◆ EXTRACTED RECORDS:
++++++++++

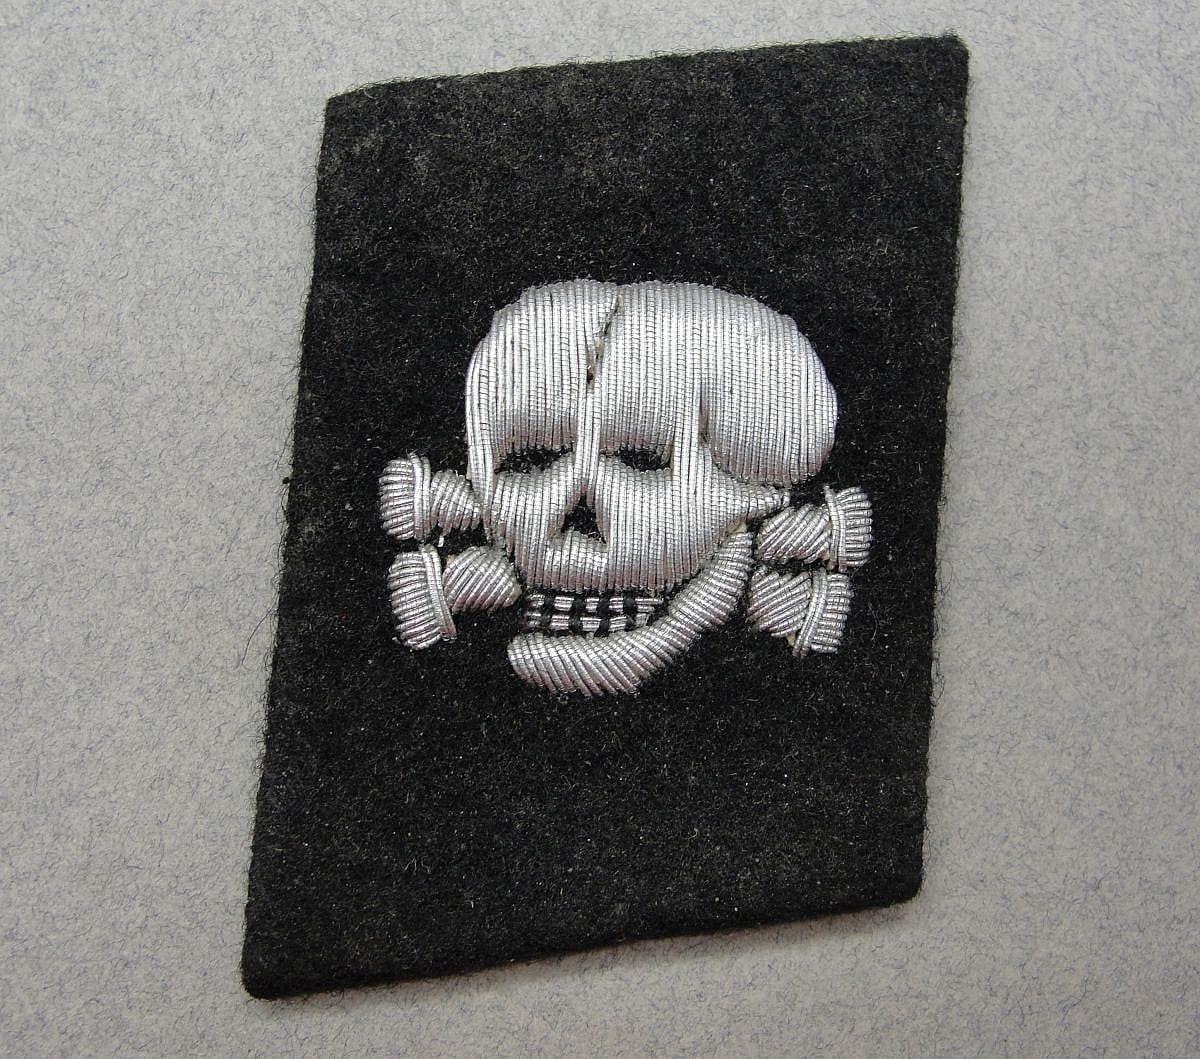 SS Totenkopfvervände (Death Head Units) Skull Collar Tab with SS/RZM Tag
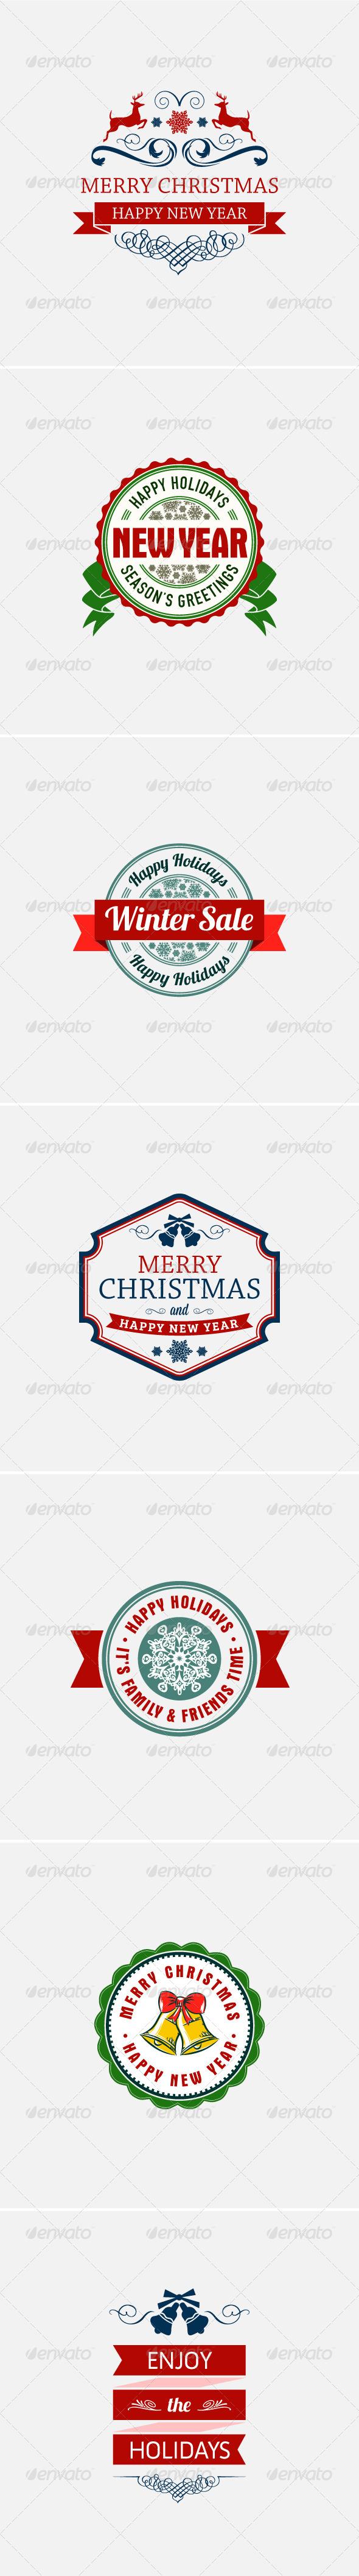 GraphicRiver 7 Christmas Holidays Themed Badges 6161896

++++++++++

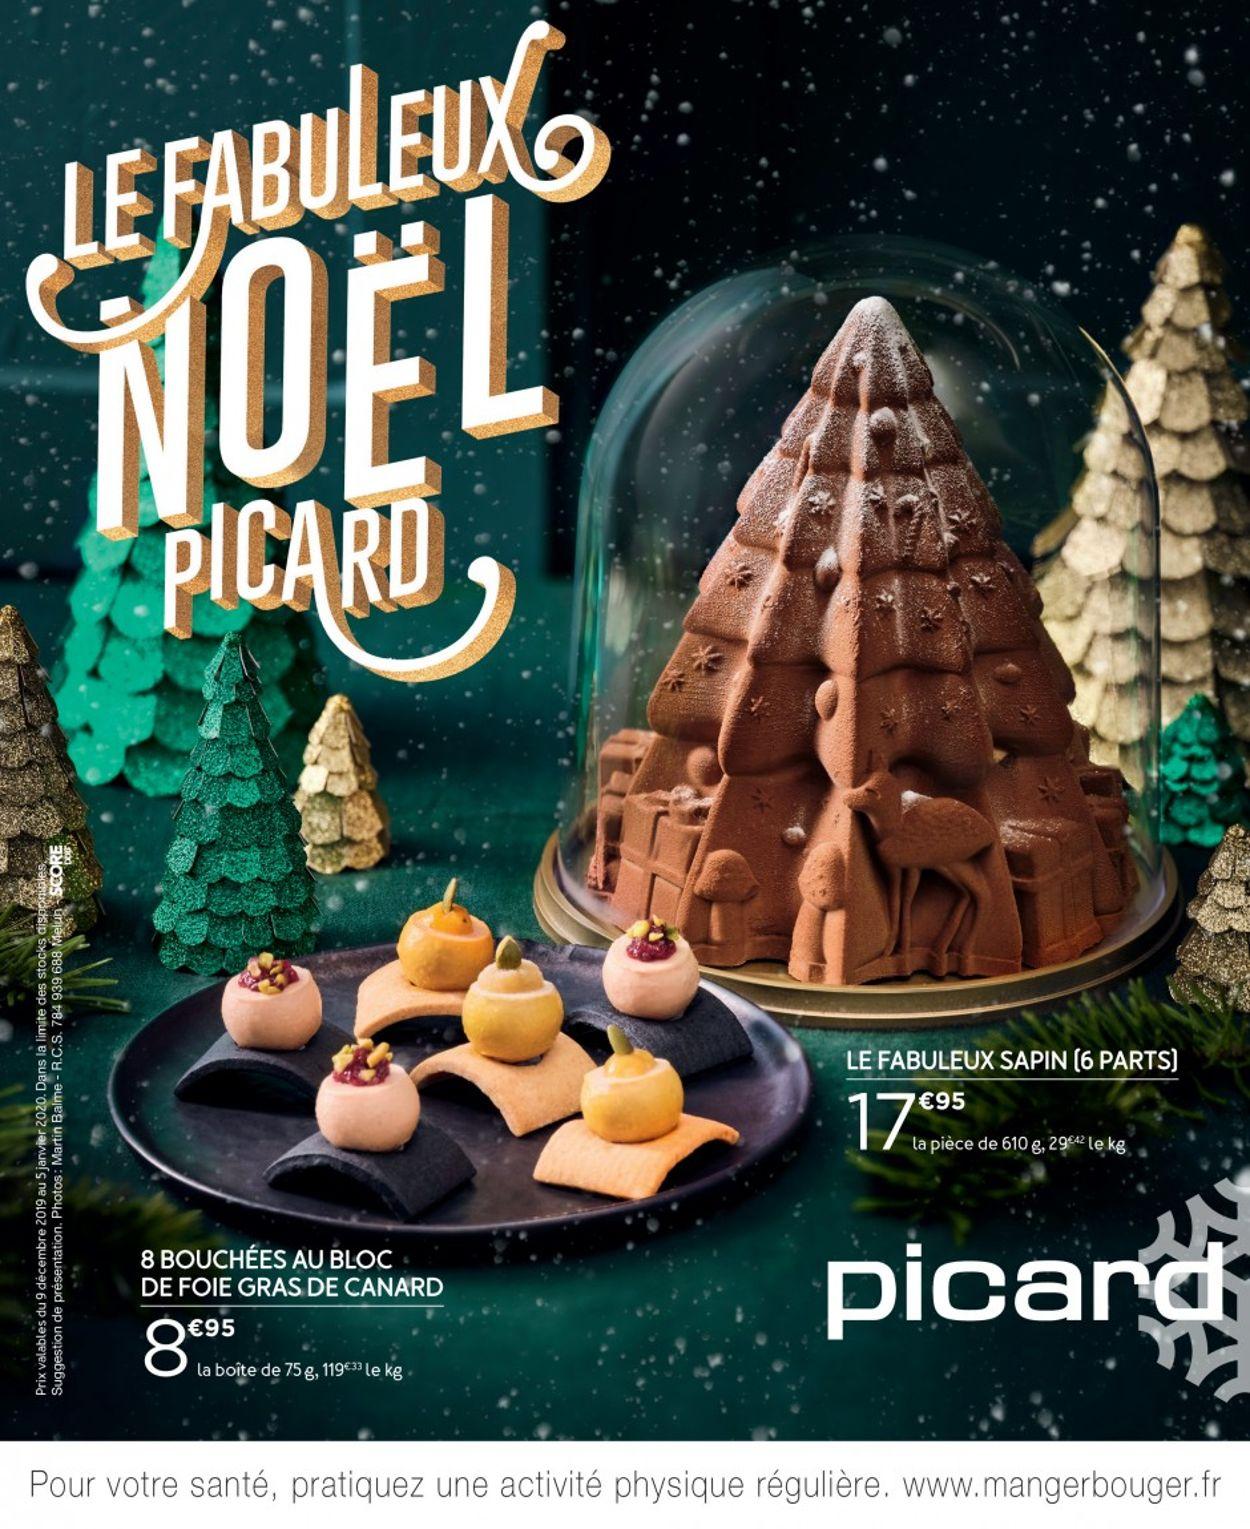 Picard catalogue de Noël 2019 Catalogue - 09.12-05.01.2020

++++++++++

◆ THE PROBLEM:
Starting at the line that contains "SS Totenkopfvervände (Death" and ending at the line that contains "GraphicRiver 7 Christmas", transcribe the material above exactly, excluding pictures.

◆ WRITTEN RESPONSE:
 SS Totenkopfvervände (Death Head Units) Skull Collar Tab with SS/RZM Tag
 GraphicRiver 7 Christmas Holidays Themed Badges 6161896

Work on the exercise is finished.